▶ [Task objective]:
One exact copy of the listing is needed. It should contain no pictures.

▶ [Dataset extract]:
[Start of section]

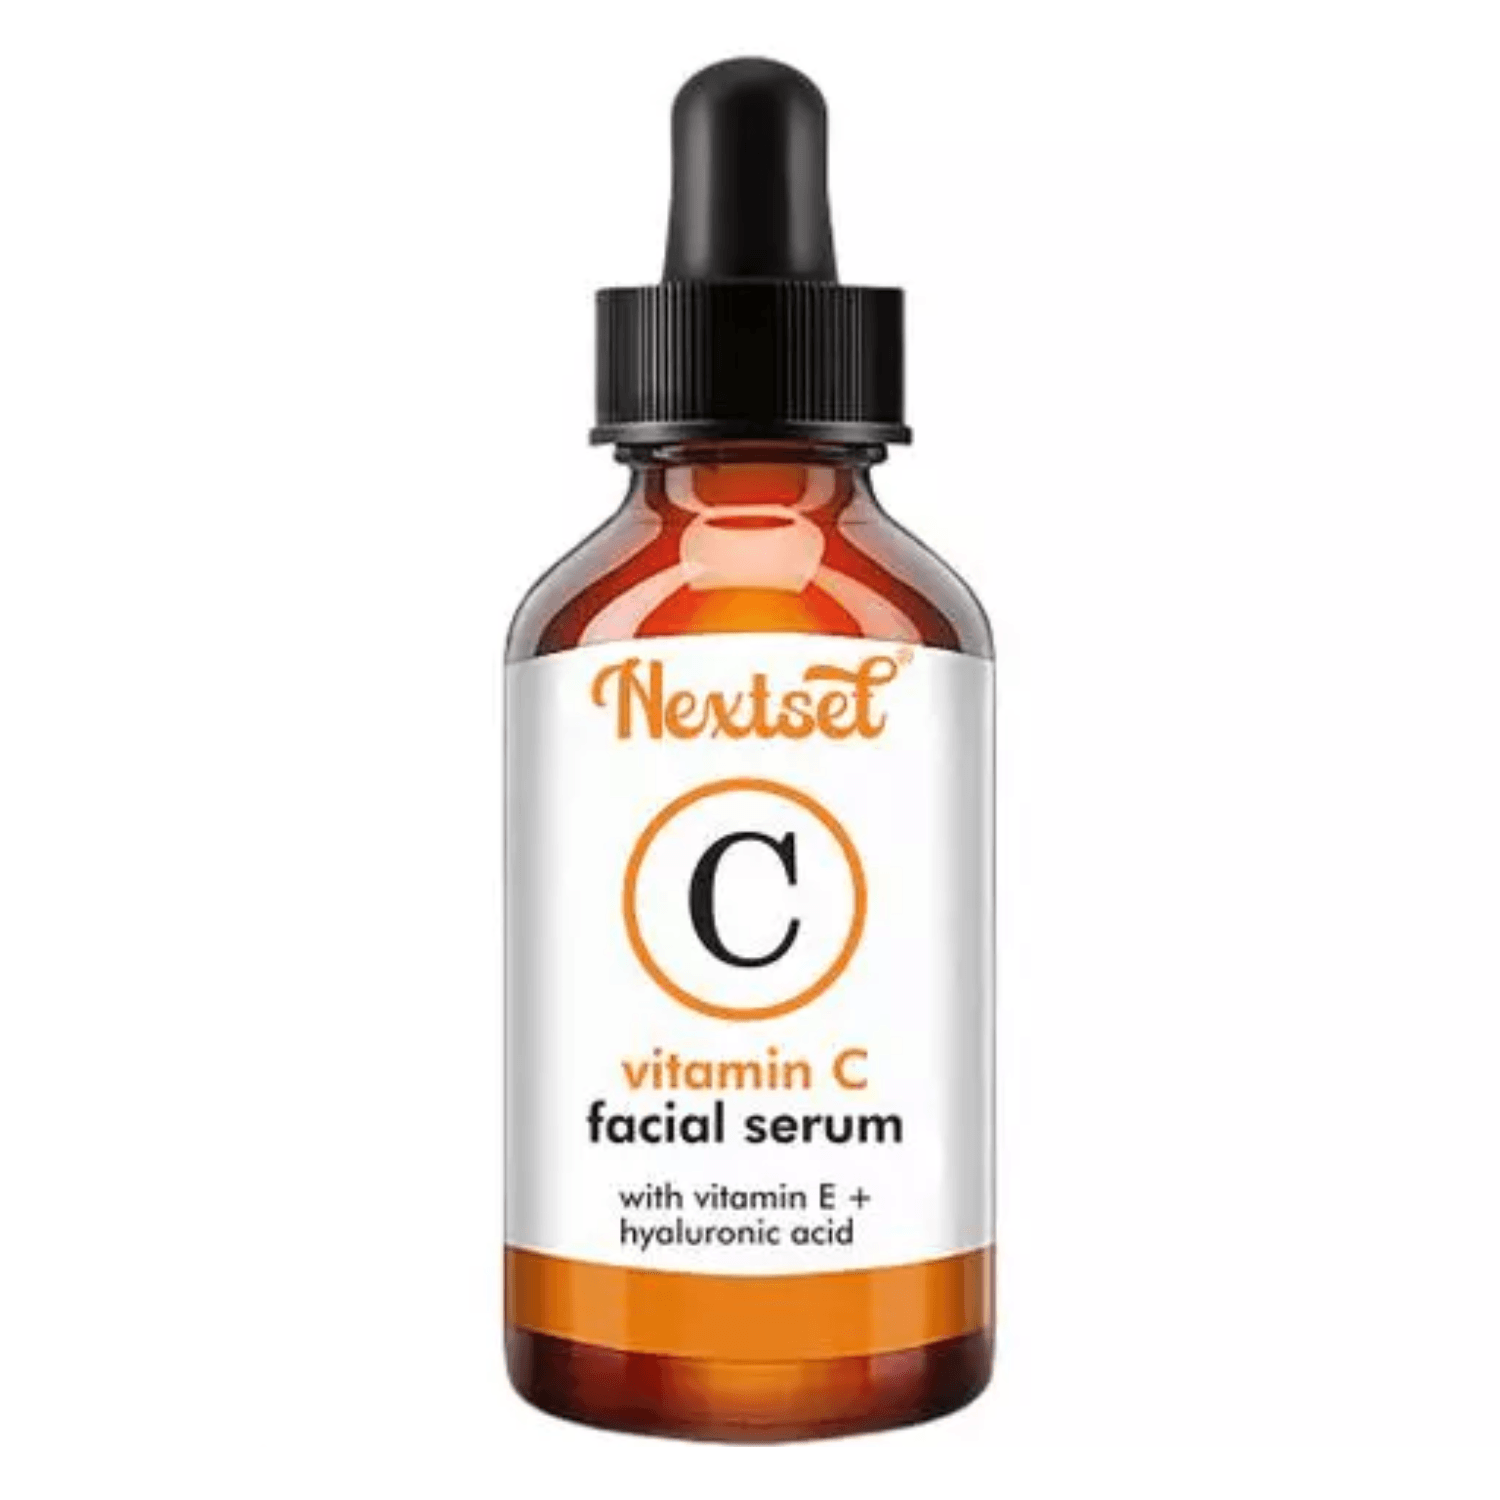 Nextset Face Serum Vitamin-C
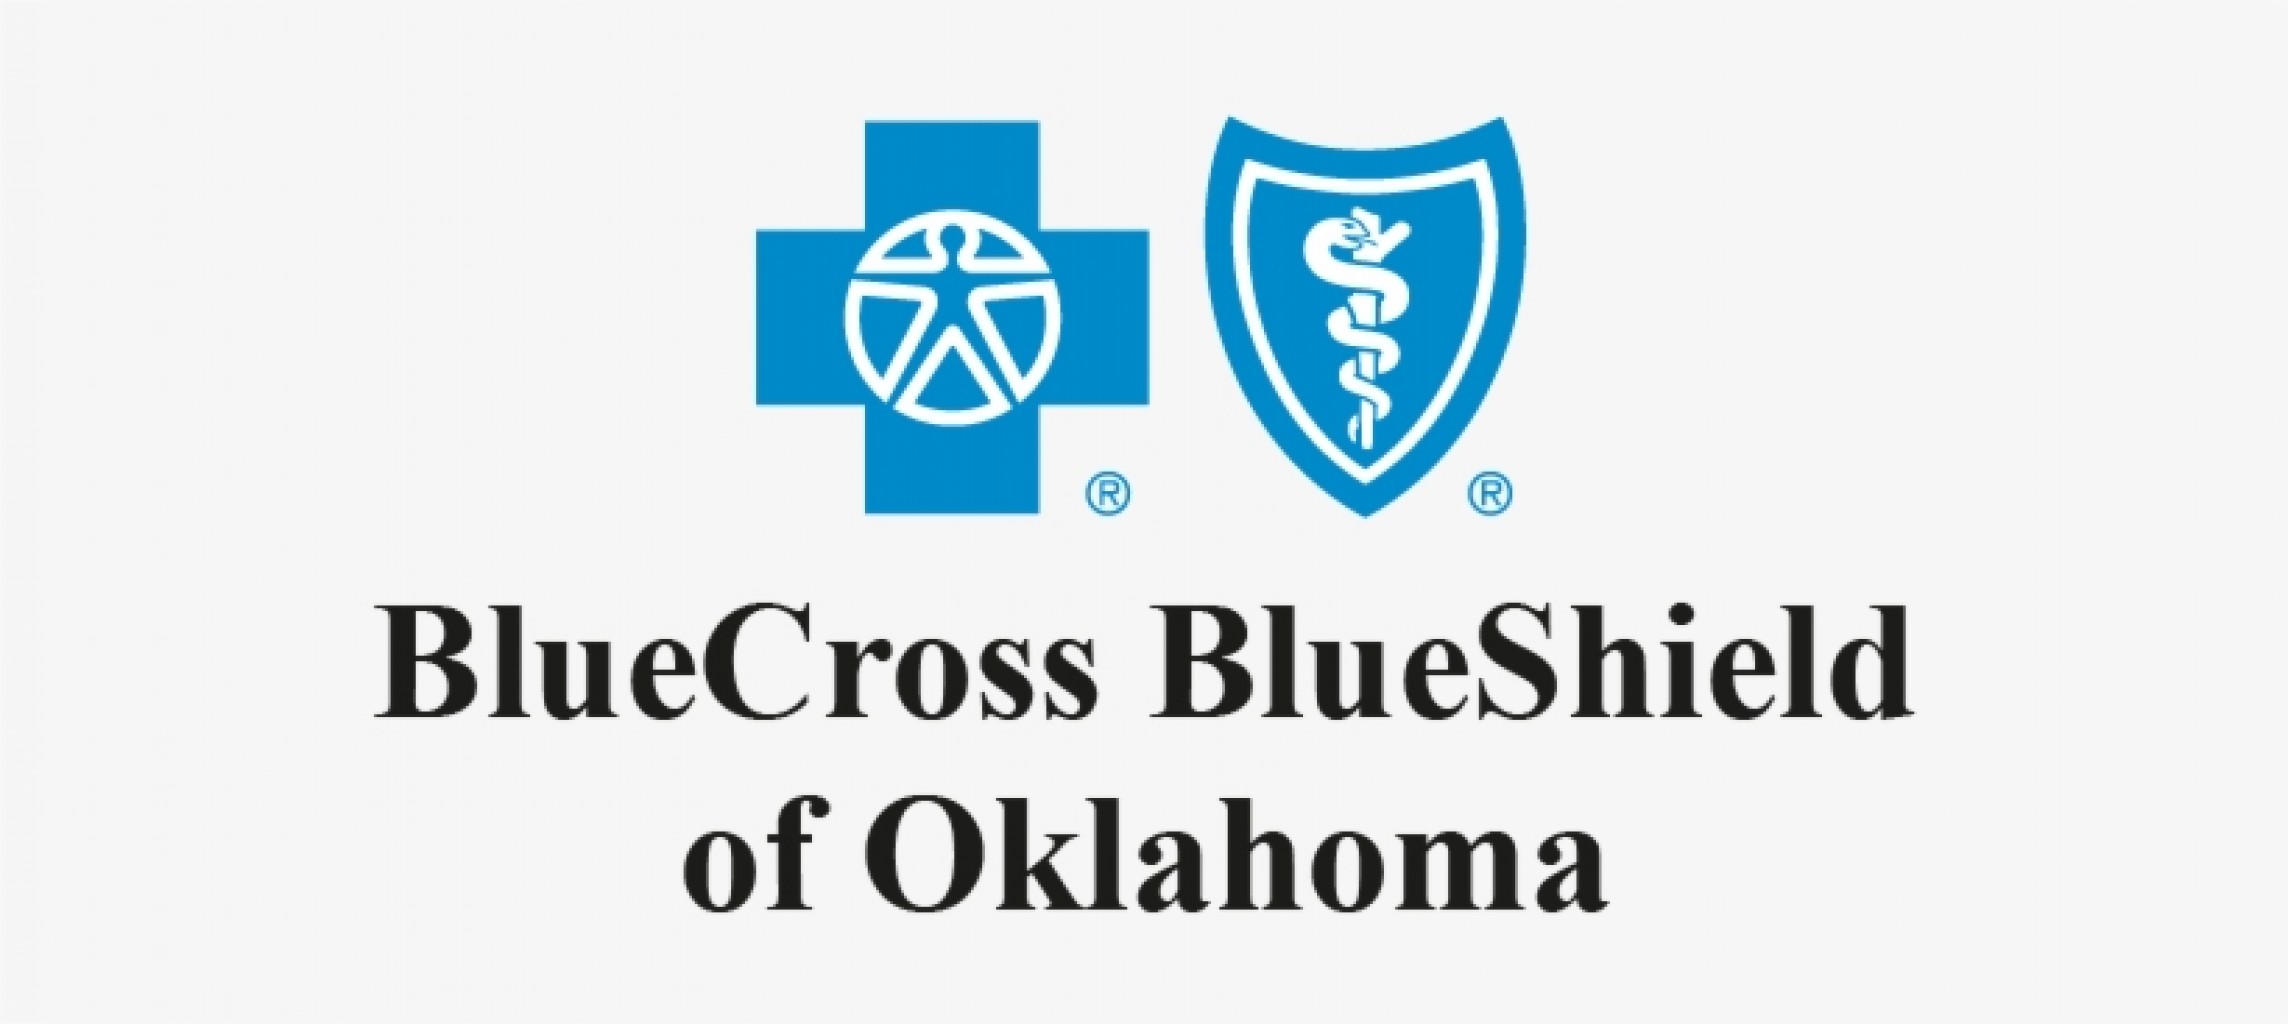 Asistencia disponible para los asegurados de Blue Cross and Blue Shield of Oklahoma  afectados por desastres naturales
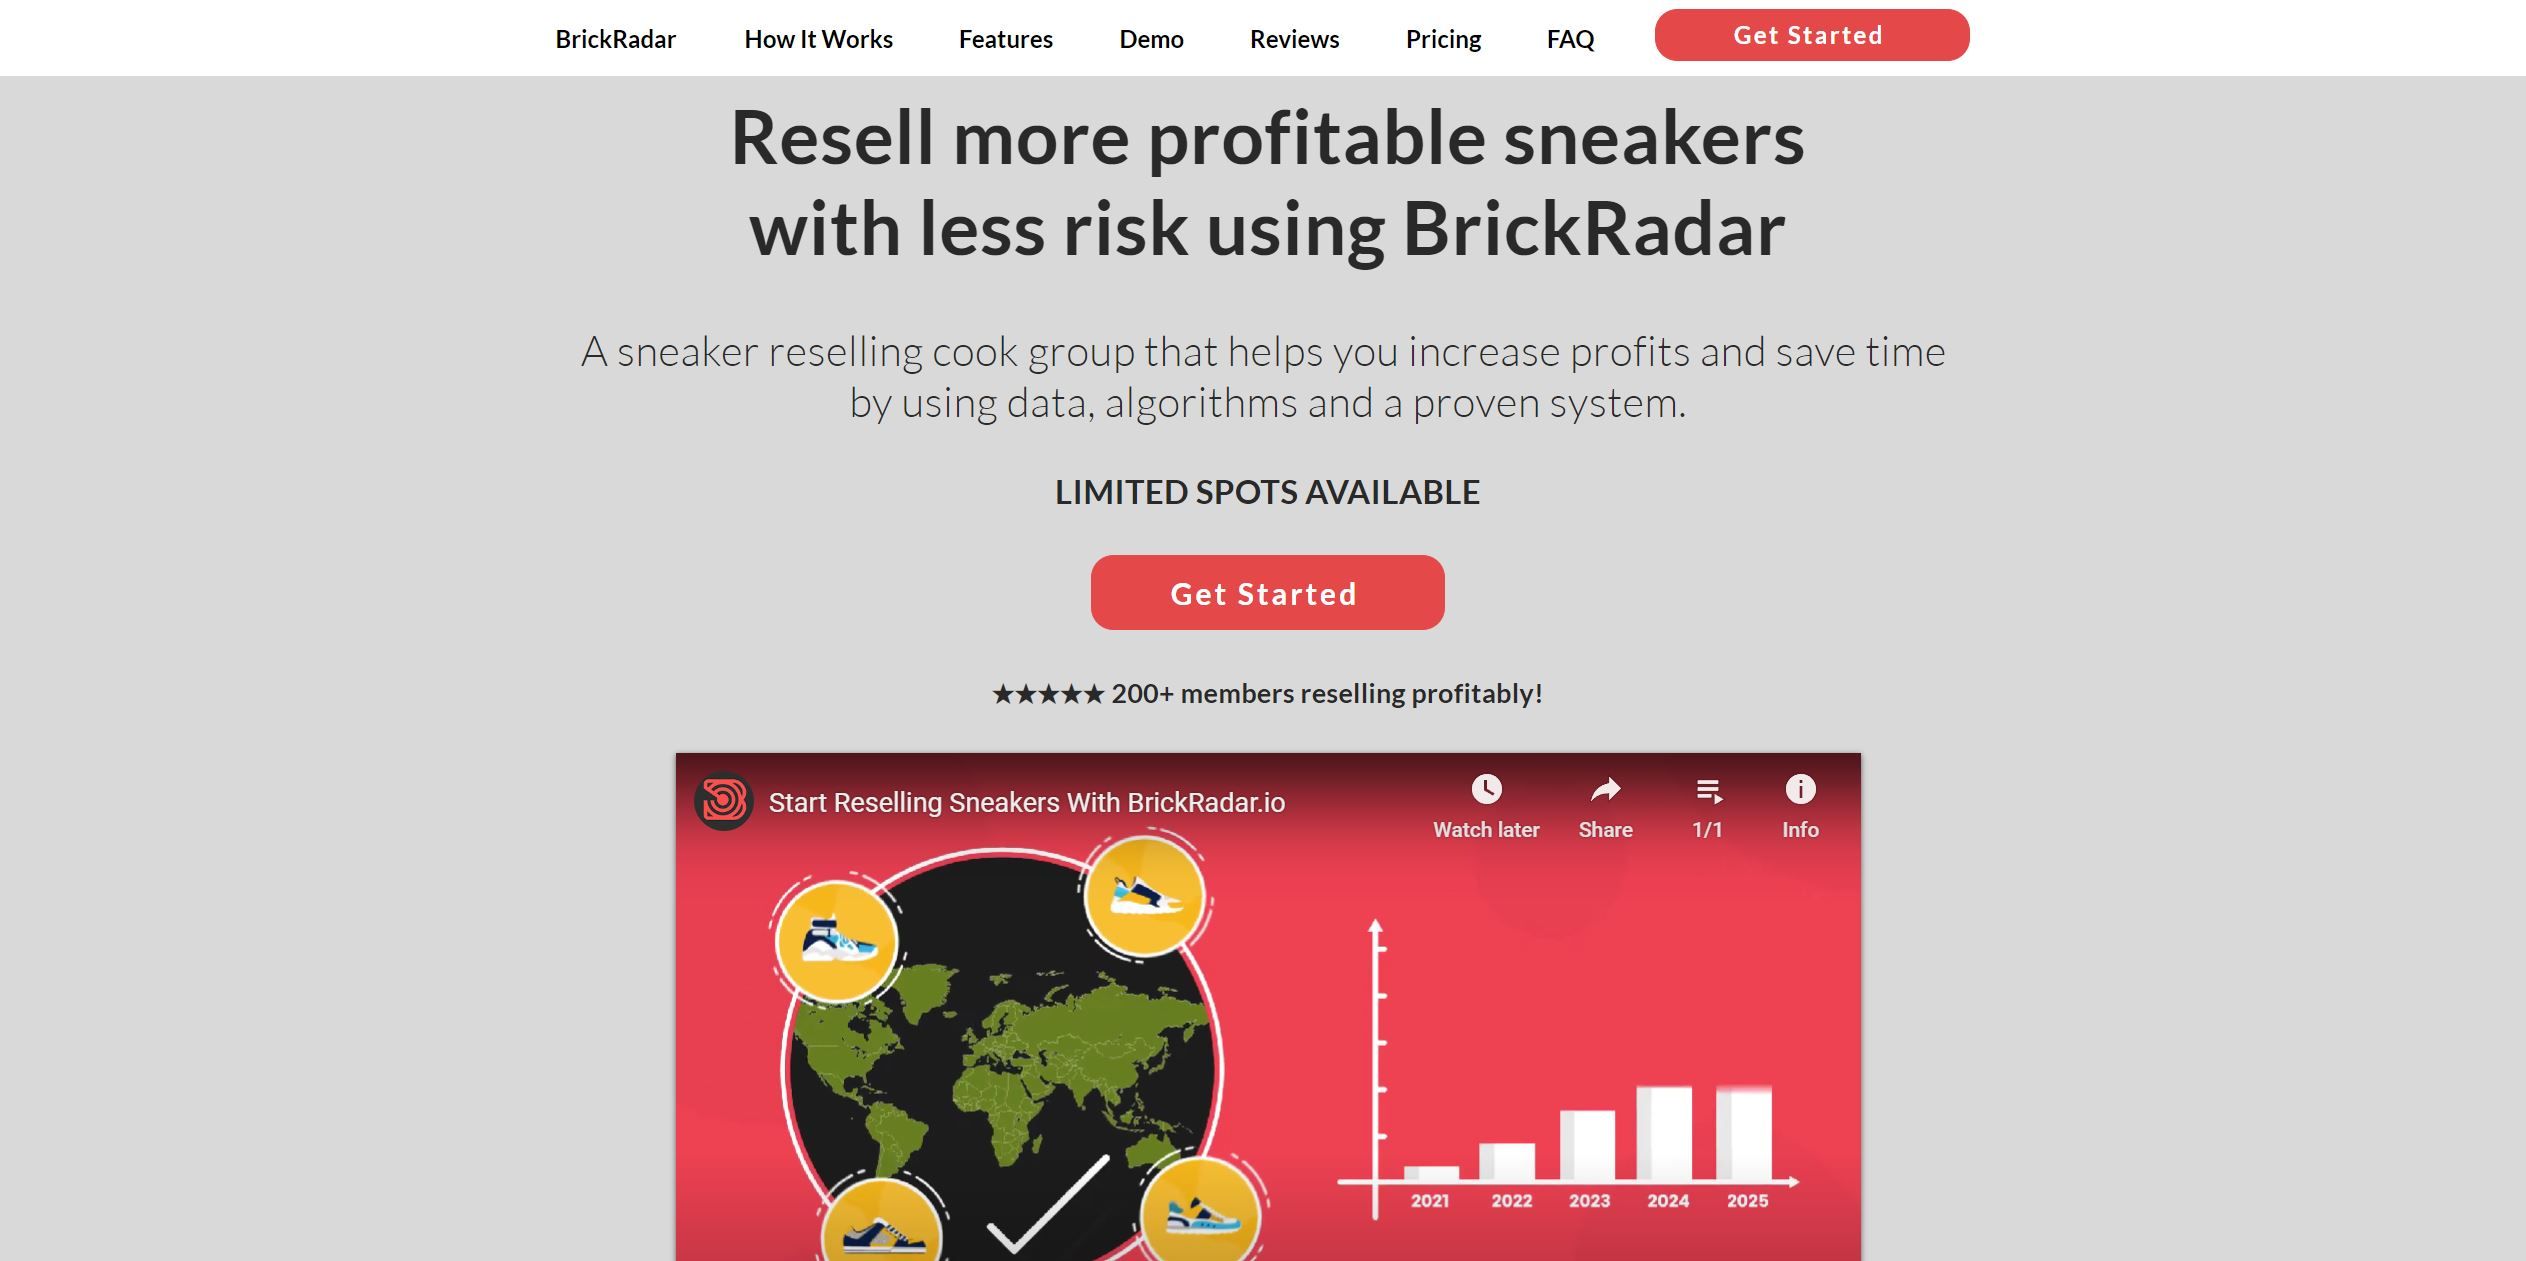 Post: BrickRadar

[End of section]

▶ [Answer to the problem]:
 Nextset Face Serum Vitamin-C
 Asistencia disponible para los asegurados de Blue Cross and Blue Shield of Oklahoma  afectados por desastres naturales
 Post: BrickRadar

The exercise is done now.